In the current work, we will use the idea that concepts have variable instantiations as a guiding principle and offer a quantitative probabilistic measure of this non-homogeneity (to be explained shortly). To show one example of our measure’s usefulness, we will use it to characterize the concrete versus abstract concept difference and also the differences between congenitally blind and sighted people when conceptualizing the same set of concepts. Both issues have been highly researched topics.

Differences between concrete and abstract concepts

There is a large literature on the differences between abstract and concrete concepts. Our reading of the literature leads us to conclude that an essential difference between these types of concepts is that, while concrete concepts depend more on perceptual information than abstract concepts, abstract concepts rely to a large extent on social and linguistic input (for a good review of the evidence, see Borghi et al., 2019; for a critical view, see Willems & Casasanto, 2011). Importantly, in our analysis, perceptual information is predicted to introduce greater homogeneity in the semantic properties produced, leading to concrete concepts being more homogeneous than abstract concepts.

Compared to abstract concepts, concrete concepts are easier to learn and process (e.g., Jones, 1985; Walker & Hulme, 1999), are characterized by a larger number of conceptual features (Plaut & Shallice, 1991, 1993), and are more closely related to specific contexts (Schwanenflugel et al., 1988; Schwanenflugel & Shoben, 1983). A summary of all this research might be that semantic memory (SM) is more densely structured for concrete than for abstract concepts (Jones, 1985; Plaut & Shallice, 1993; Recchia & Jones, 2012; Yap & Pexman, 2016). A richer semantic structure would make concrete concepts easier to access. In contrast, having a less densely structured representation in memory is coherent with abstract concepts having more different senses (Hoffman et al., 2013).

In addition to these differences in semantic richness and context dependence, and as foreshadowed at the beginning of this section, several authors have proposed that the difference between concrete and abstract concepts hinges on the type of features that corresponds to each type of concept. In this view, concrete concepts depend on perceptual content, while abstract concepts depend on linguistic information (e.g., while dog may be described by “barks,” “has four legs,” and “is hairy,” justice may be described by “fairness” and “law;” Barsalou et al., 2008; Breedin et al., 1994; Paivio, 1986; Wiemer-Hastings & Xu, 2005). This view is in line with the proposal that conceptual processing involves reactivating perceptual representations (Barsalou, 1999; Feldman, 2010; Gallese & Lakoff, 2005; Prinz, 2002; Pulvermüller, 2005).

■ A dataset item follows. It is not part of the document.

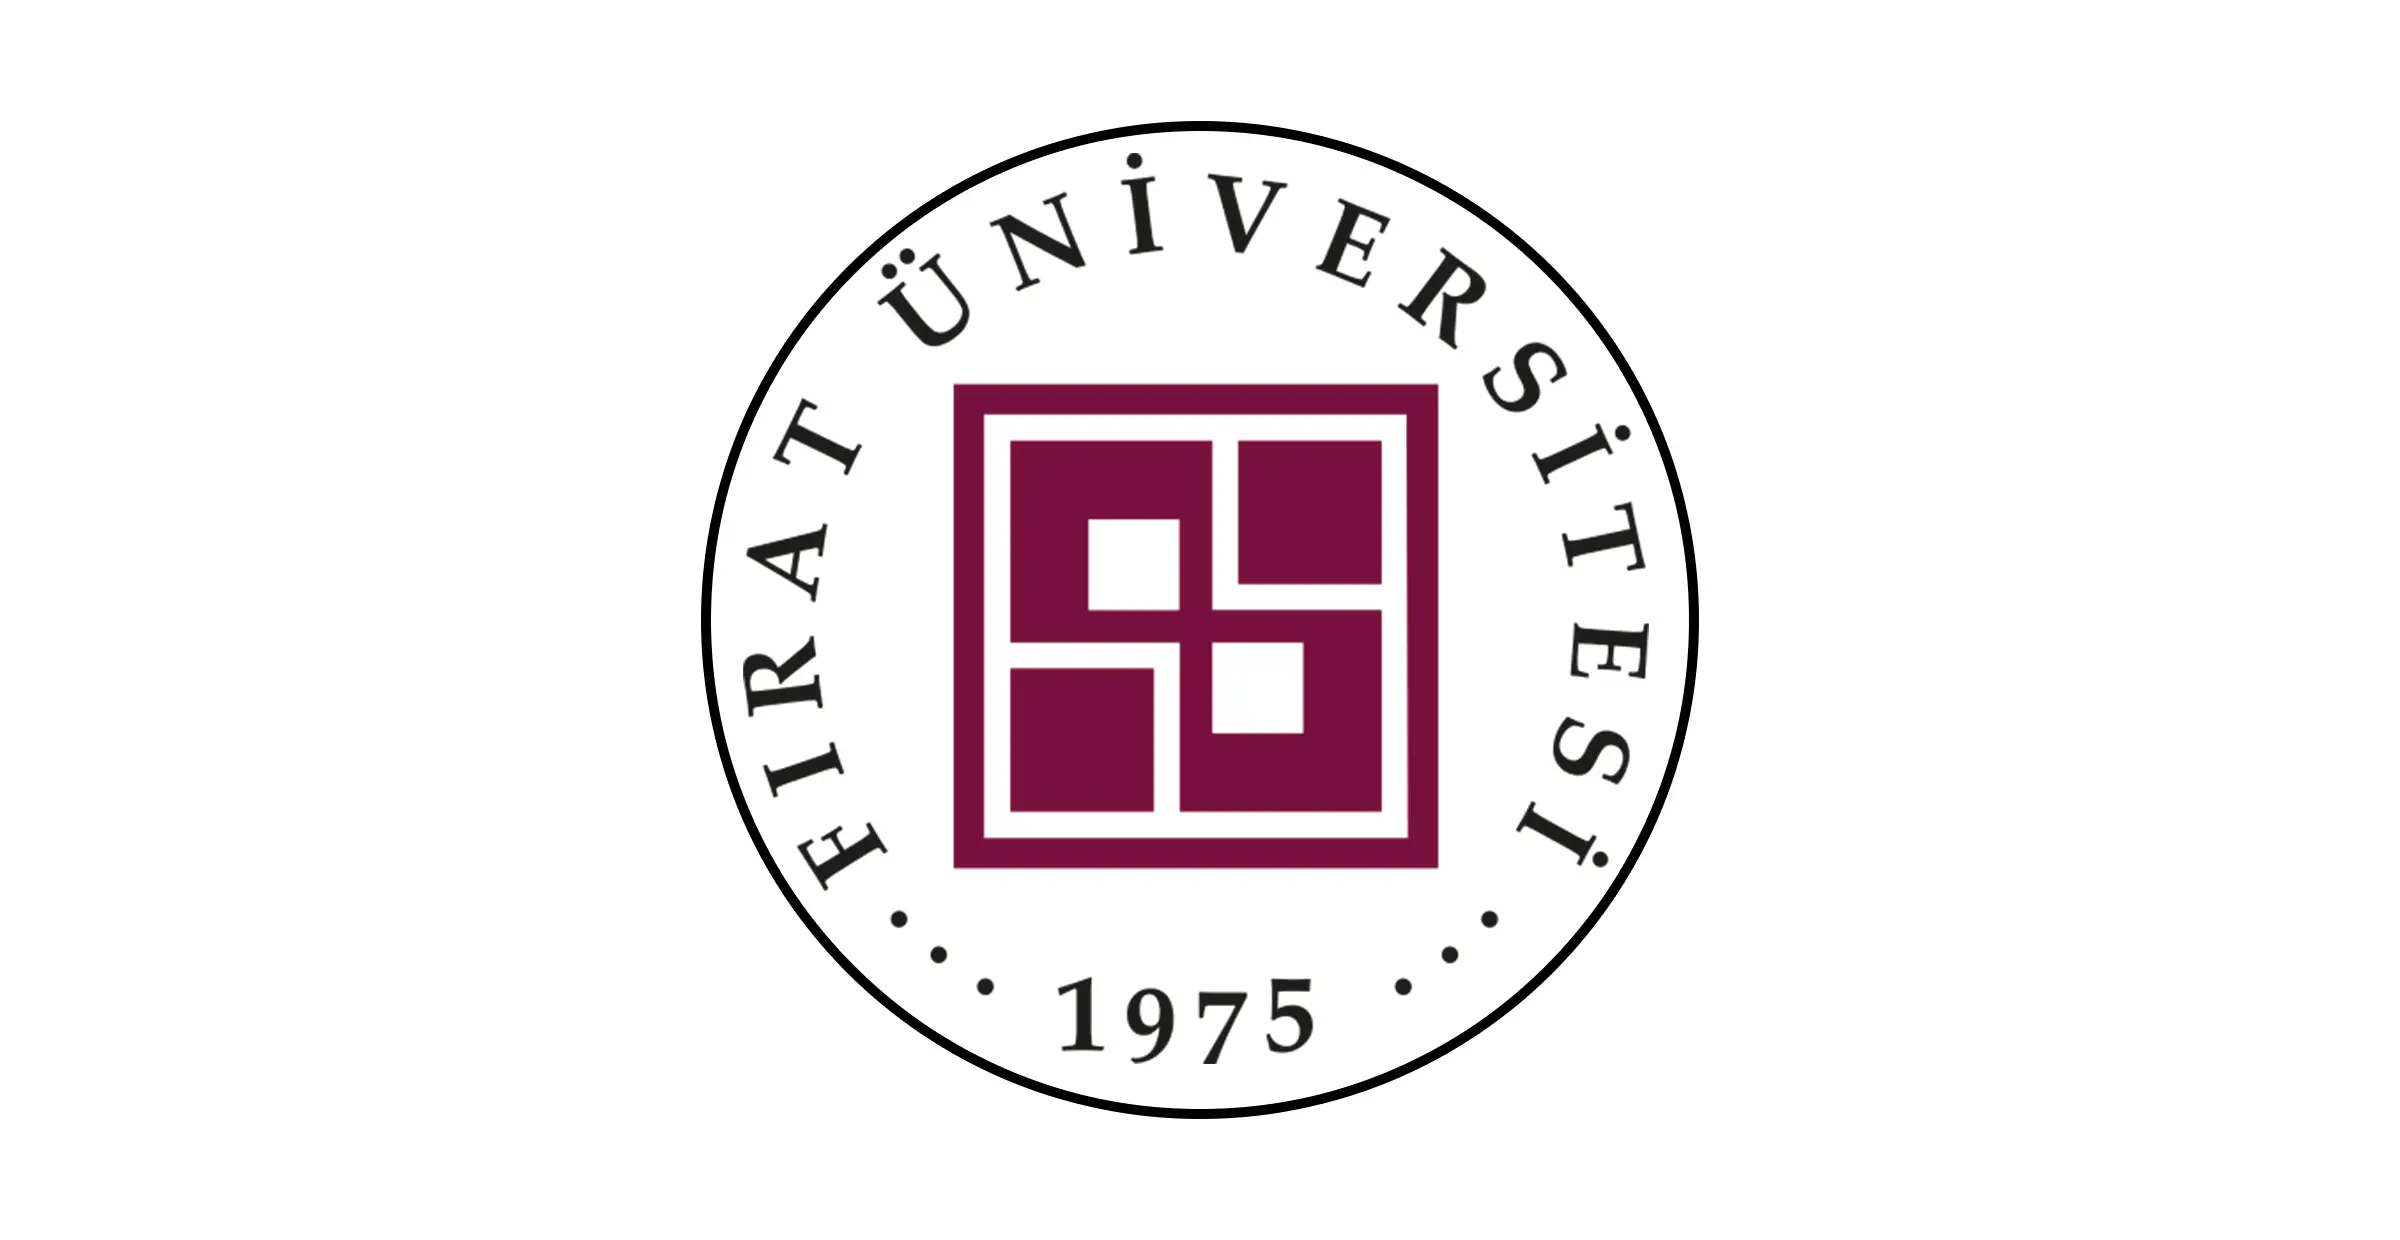 بدأت جامعة فرات fırat üniversitesi ، التي لها تاريخ عريق ، أنشطتها كمدرسة فنية عليا في عام 1967 في الازيغ. بعد افتتاح العديد من الكليات

Previous studies provide evidence consistent with the idea that people reactivate perceptual features during language comprehension (Lupyan & Ward, 2013; Ostarek & Huettig, 2017), during property verification (i.e., Is y a property of concept x? Kan et al., 2003; Solomon & Barsalou, 2004), and during semantic property listing (Santos et al., 2011). Consequently, in the current work we hypothesize that concrete concepts are characterized more by perceptual information than abstract concepts, and that this perceptual information introduces a greater homogeneity in conceptualization for concrete versus abstract concepts. For expository purposes, we will call these our characterizing concreteness hypotheses.

Differences in semantic representations between congenitally blind and sighted individuals

As previously discussed, it is possible that concrete concepts are characterized by having more perceptual content than abstract concepts, and that this perceptual content may introduce a greater homogeneity in conceptual representations and processing. If these hypotheses are correct, then they suggest that we should find that congenitally blind individuals, because they lack visual perceptual information, should show differences when processing concrete concepts, but not when processing abstract concepts, which seem to depend more on linguistic and social input (Borghi et al., 2017; Borghi & Cimatti, 2009). For expository purposes, we will call this our role of vision hypothesis.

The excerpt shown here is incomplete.